Single by Twisted Sister

from the album Stay Hungry
- Released: October 1984
- Genre: Heavy metal; glam metal;
- Length: 3:00
- Label: Atlantic
- Songwriter: Dee Snider
- Producer: Tom Werman

Twisted Sister singles chronology
| "We're Not Gonna Take It" (1984) | "I Wanna Rock" (1984) | "The Price" (1984) |

Music video
- "I Wanna Rock" on YouTube

= I Wanna Rock =

"I Wanna Rock" is a song written and composed by Dee Snider and performed by his band Twisted Sister. It was released on the 1984 album Stay Hungry.

==Reception==
Cash Box called the song "an exercise in hard rocking" that doesn't break new ground but "does what it does well." Billboard said that Twisted Sister "strip down their stadium-sized sound to a minimum of power chords and slogan lyrics."

In 2009, "I Wanna Rock" was named the 17th-Greatest Hard Rock Song by VH1.

==Music video==

Like the earlier "We're Not Gonna Take It", the video features actor Mark Metcalf, best known as the abusive ROTC leader Douglas C. Neidermeyer from the movie National Lampoon's Animal House.

In the video, he plays a teacher with a similar personality to Neidermeyer, who harasses a student for drawing the Twisted Sister logo on one of his textbooks. He chastises the student by shouting, "What kind of a man desecrates a defenseless textbook?! I've got a good mind to slap your fat face!", which echoes a line from Animal House ("What kind of man hits a defenseless animal [a misbehaving horse]? I've got a good mind to smash your fat face in!").

Metcalf's character reprises his question from the "We're Not Gonna Take It" video, "What do you want to do with your life?!" This provides a lead-in for the track, as the student answers with the first line of the song, "I wanna rock!", after which he and four of his classmates are instantly transformed into Twisted Sister's five members.

The abusive teacher's repeated attempts to stop his rock-loving students not only fail; they also backfire on him. He crawls into the school principal's office, only to be confronted by the principal, played by Stephen Furst, who played Kent "Flounder" Dorfman in Animal House, opposite Metcalf. Furst's character, who suddenly approves Twisted Sister and its music, reprises one of his lines from the movie, "Oh boy, is this great!", before he sprays water from a seltzer bottle at the teacher, who collapses in defeat.

==SpongeBob parody==
"Goofy Goober Rock", a parody of the song, was performed in The SpongeBob SquarePants Movie (2004) by voice actor Jim Wise and musician Tom Rothrock.

Dee Snider explained the experience of licensing the song for SpongeBob by saying, "Are you kidding me? This is my music. This is my art. How much? They paid me a lot of money. It's called Goofy Goober Rock.

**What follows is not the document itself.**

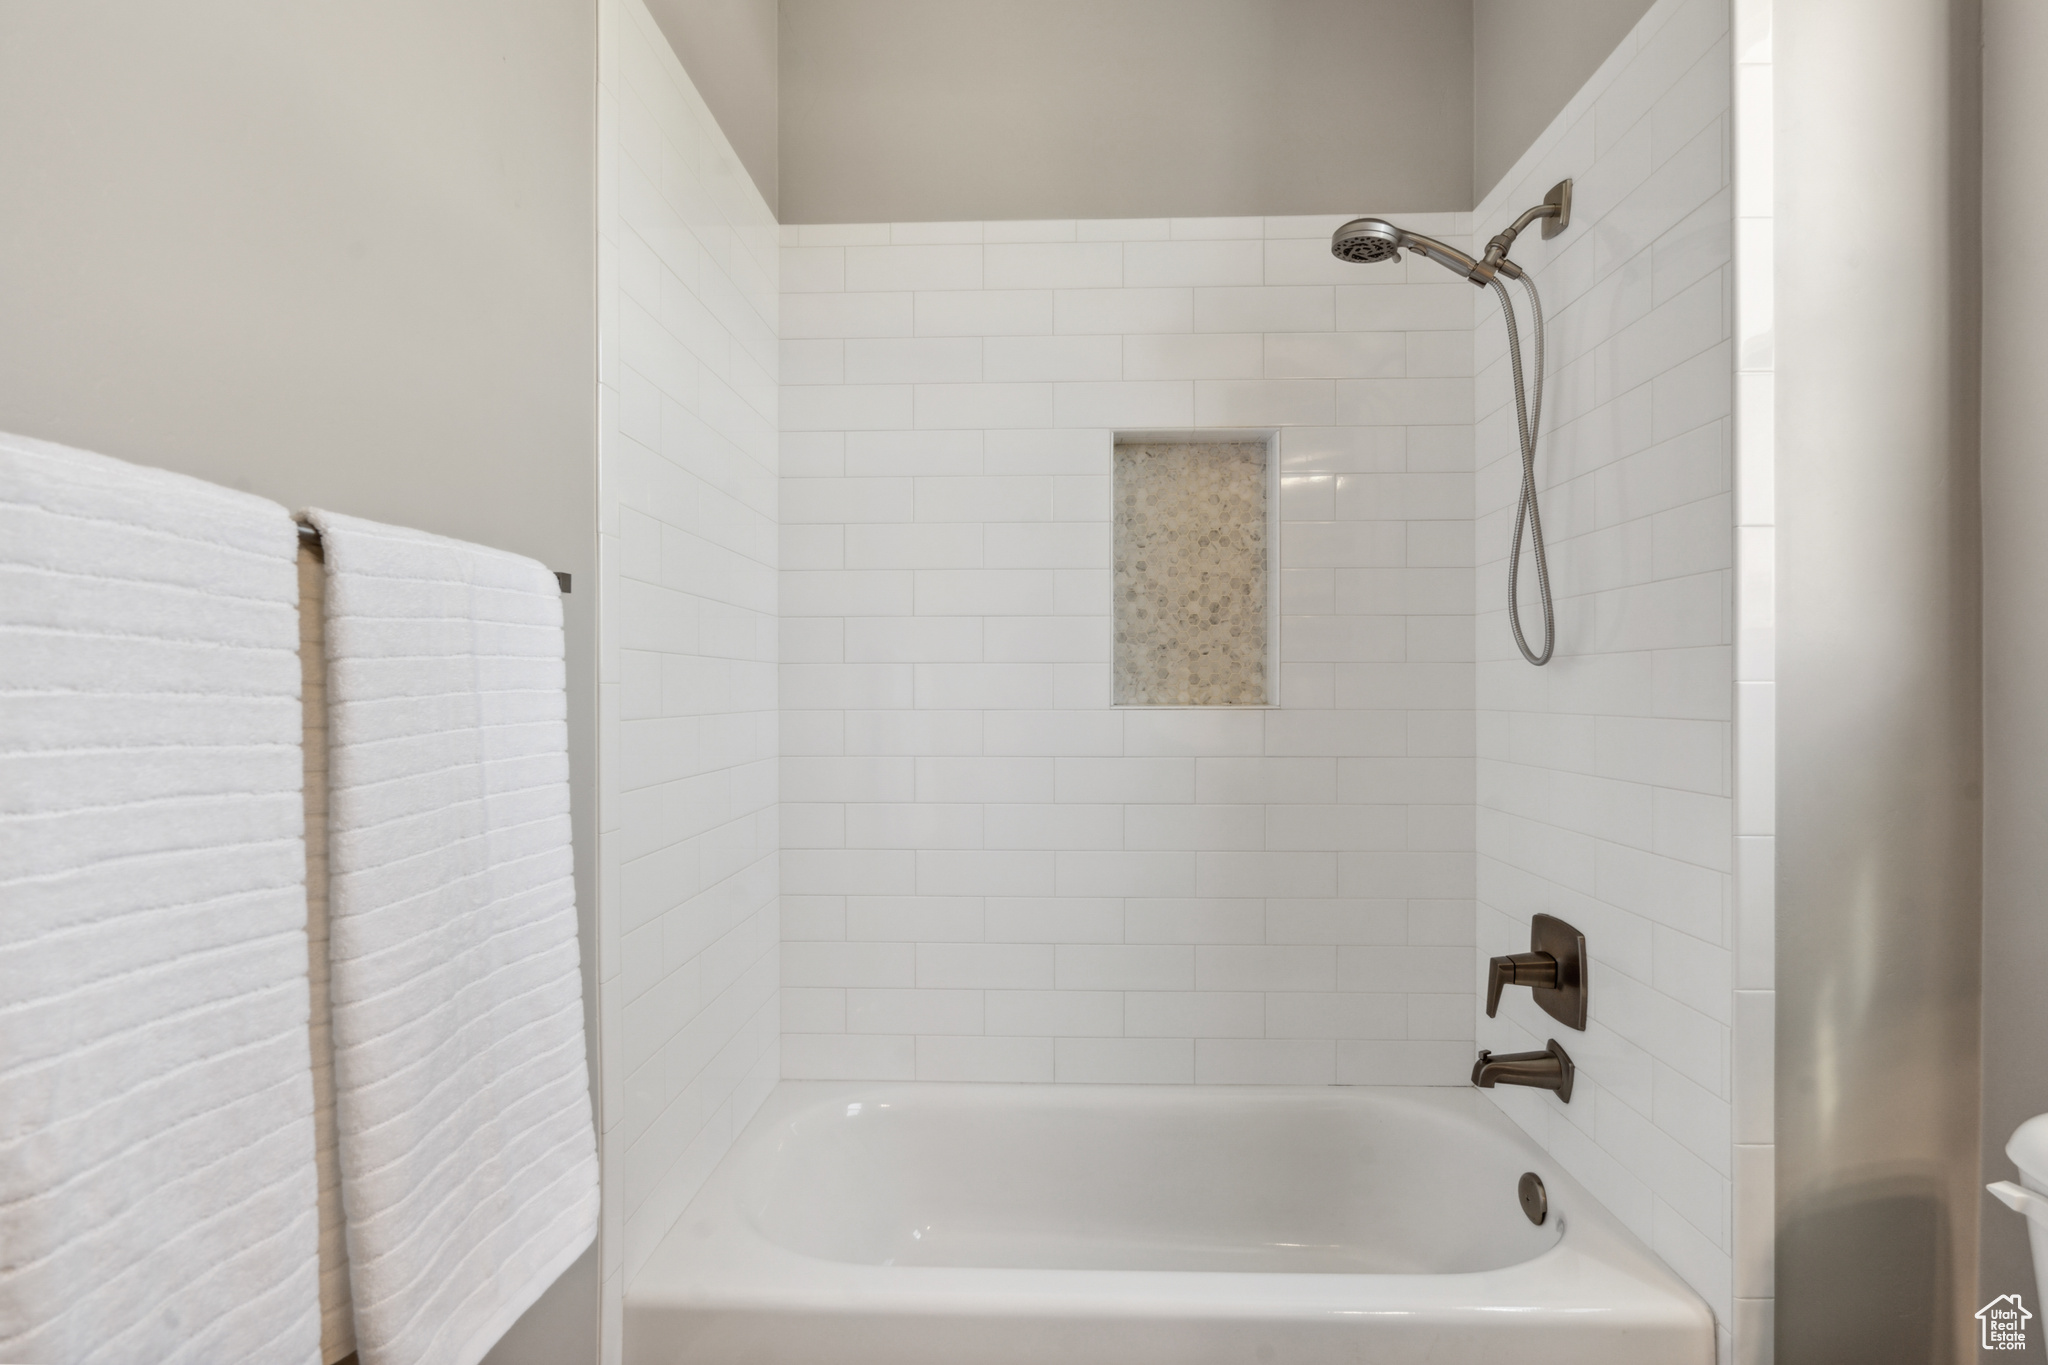 Bathroom with tiled shower / bath combo
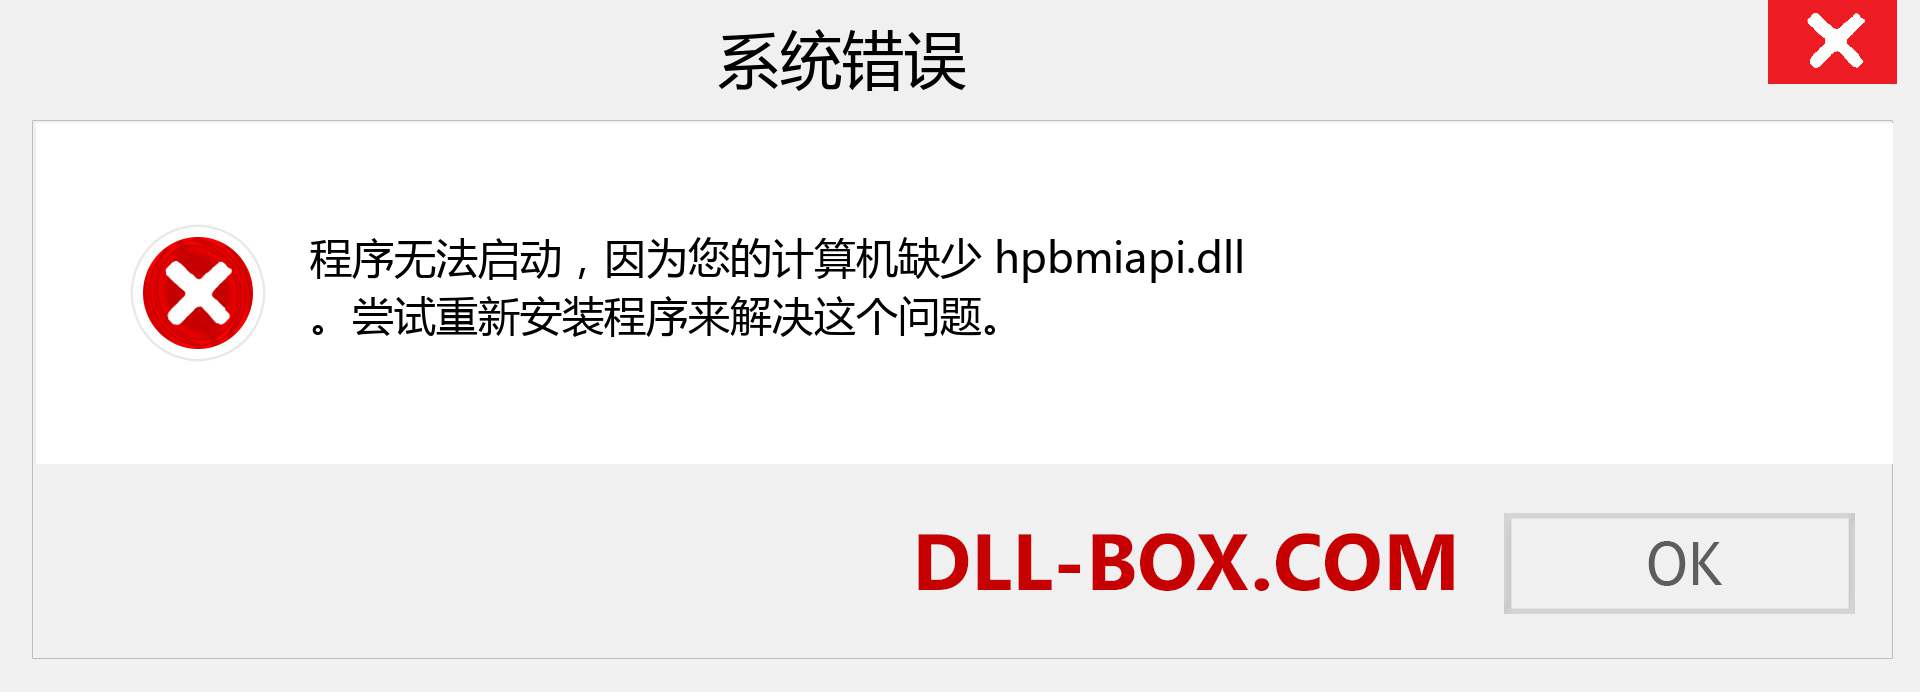 hpbmiapi.dll 文件丢失？。 适用于 Windows 7、8、10 的下载 - 修复 Windows、照片、图像上的 hpbmiapi dll 丢失错误

God bless 'SpongeBob SquarePants.'"

The song was released on the album The SpongeBob SquarePants Movie – Music from the Movie and More.... Nerdist ranked "Goofy Goober Rock" as the fourth-best song from the SpongeBob series.

==Charts==

| Chart (1984) | Peak position |
|---|---|
| Argentina | 4 |
| Australia (Kent Music Report) | 43 |
| Canada Top Singles (RPM) | 44 |
| New Zealand (Recorded Music NZ) | 10 |
| Norway (VG-lista) | 5 |
| South Africa (Springbok Radio) | 3 |
| Sweden (Sverigetopplistan) | 10 |
| UK Singles (OCC) | 93 |
| US Billboard Hot 100 | 68 |
| US Mainstream Rock (Billboard) | 35 |

==Certifications==

| Region | Certification | Certified units/sales |
| Canada (Music Canada) | 2× Platinum | 200,000^{^} |
^{^} Shipments figures based on certification alone.